The rapid development and deployment of vaccinations against SARS-CoV-2, alongside a degree of naturally acquired immunity from past infection, has transformed the landscape of the COVID-19 pandemic. At a population level, vaccination has been shown to reduce SARS-CoV-2 infection and protect against hospitalisation and death from severe COVID-19. However, understanding the immunogenicity and effectiveness of vaccination programmes in vulnerable cohorts with chronic disease remains an important clinical priority [1]. Patients with liver diseases might have worse outcome from COVID-19 than the general population [2–4]. Fortunately, vaccination is effective in preventing SARS-CoV-2 infection, severe symptom and death [5–7]. And societies in Europe, United States and China have recommended SARS-CoV-2 vaccination of all patients with CLD [8–10]. However, previous large cohort clinical trials of SARS-CoV-2 vaccines only included a few patients with CLD [11–13], and did not show the separate results of these patients. To our knowledge, studies on the safety and efficacy of SARS-CoV-2 vaccines in patients with CLD were still limited, and varied in populations, vaccine types and results. So, there is a need to further explore the safety and efficacy of SARS-CoV-2 vaccines in patients with CLD.

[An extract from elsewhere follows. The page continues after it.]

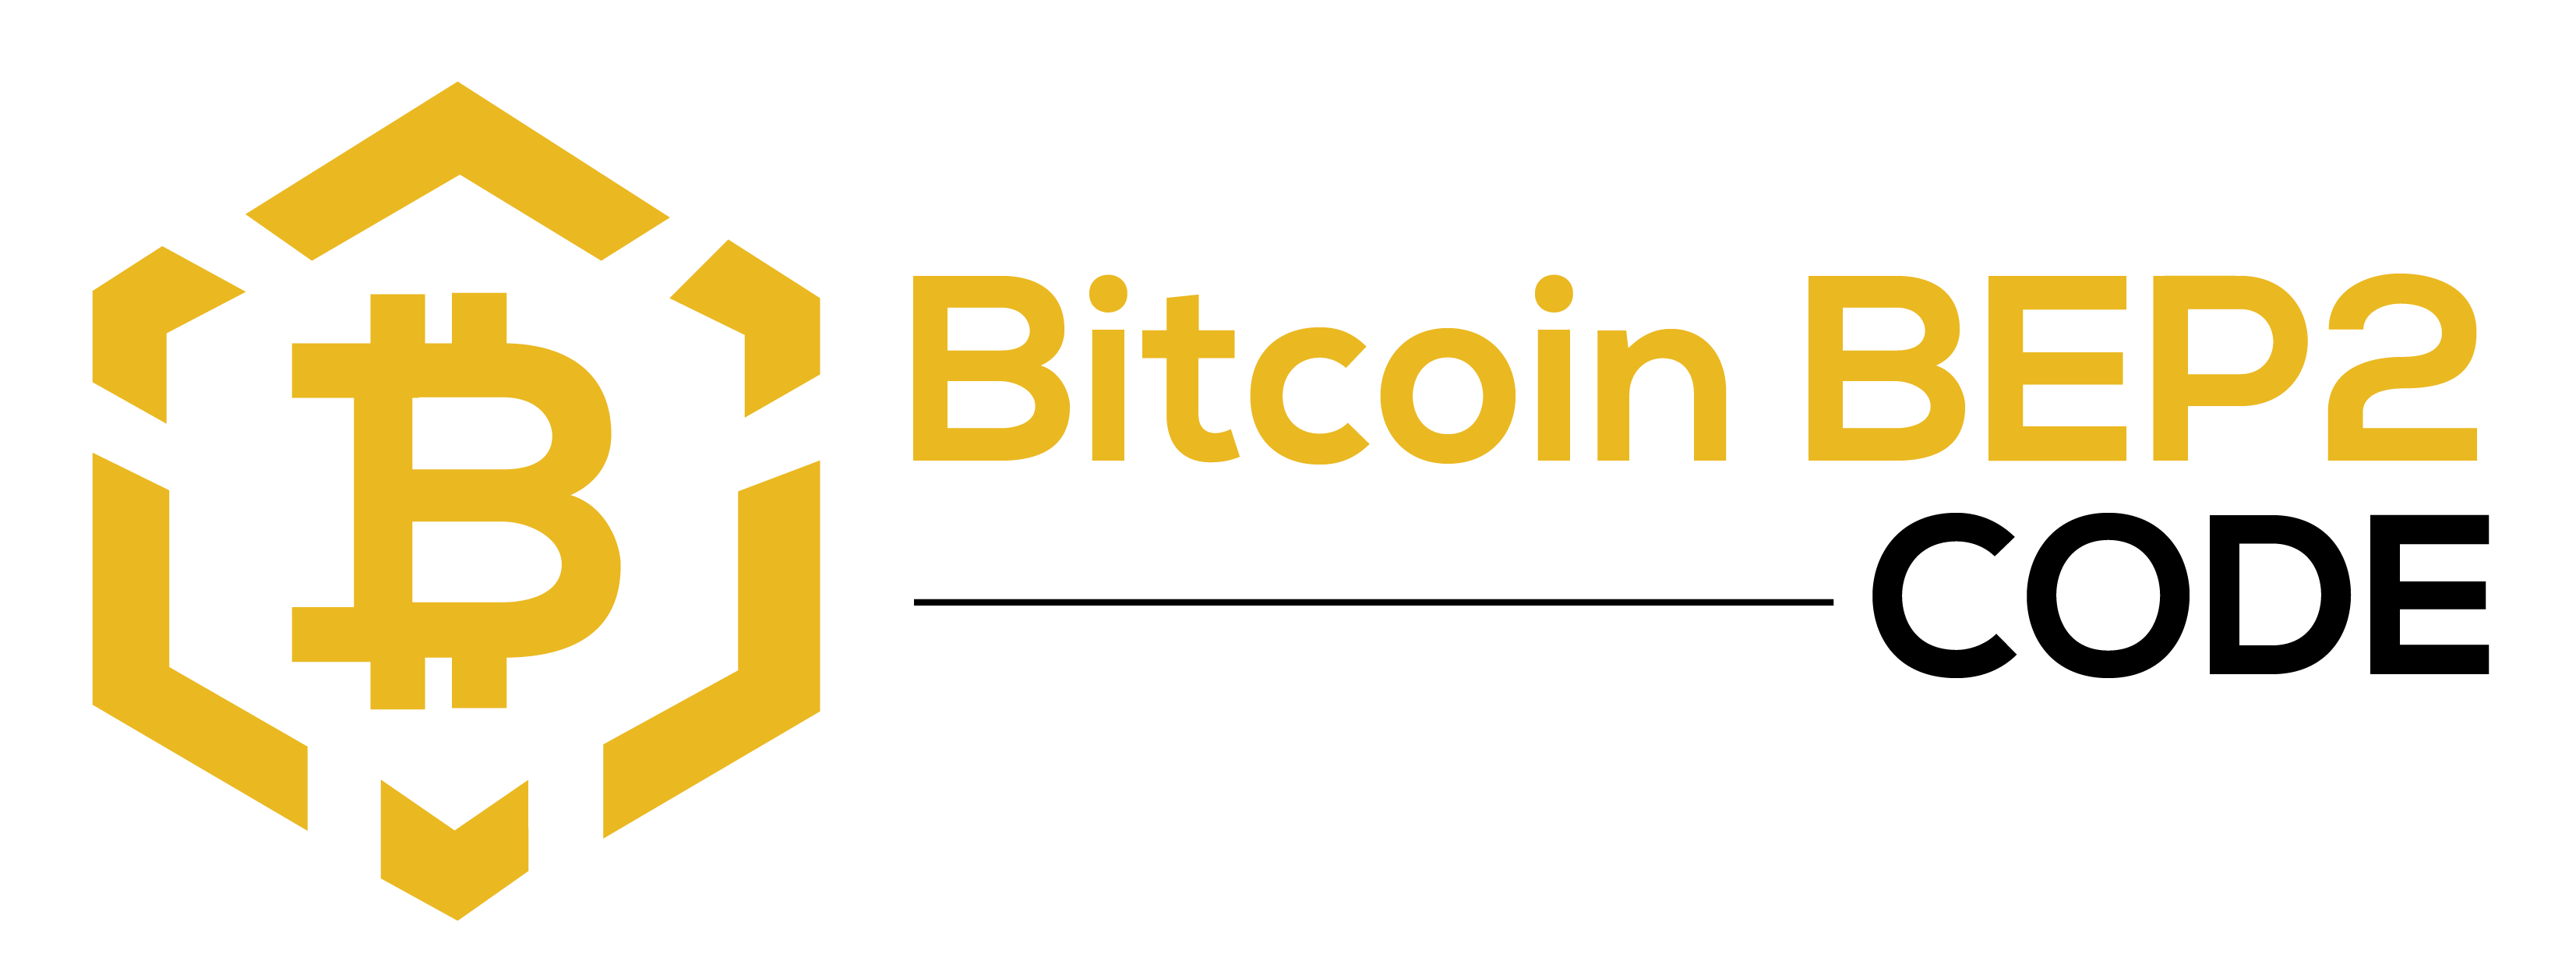 Bitcoin BEP2 Code - ติดต่อกับพวกเรา

This systematic review and meta-analysis was performed to better understand the safety and efficacy of SARS-CoV-2 vaccines in patients with CLD, and it may be helpful for clinical practice.

Methods

Protocol and Registration

This systematic review and meta-analysis was conducted following a pre-established protocol according to the Preferred Reporting Items for Systematic Review and Meta-Analyses guidelines [14]. The protocol was initially registered in PROSPERO (registration number CRD42022302993) on 12 January 2022 [15].

Eligibility Criteria

Studies were eligible for being included in this systematic review and meta-analysis if they met the following criteria: 1) study included at least 20 adults aged ≥18 years with chronic liver disease of any severity or etiology (liver transplantation recipients were excluded) with/without COVID-19; 2) intervention was full-course vaccination (one dose: Johnson & Johnson, Cansino; two doses: other type of SARS-CoV-2 vaccines) of any type of SARS-CoV-2 vaccine with specific interval time; 3) intervention was compared with placebo, other vaccines or no vaccination; 4) outcomes included incidence of mild adverse events (MAEs), or incidence of severe adverse events (SAEs), or seropositivity/seroconversion rates of antibodies against SARS-CoV-2, or SARS-CoV-2 infection, or COVID-19-related hospitalization, or COVID-19-related mortality; 5) study type was randomized or non-randomized controlled trial, or cohort study, or case-control study, or cross-sectional study.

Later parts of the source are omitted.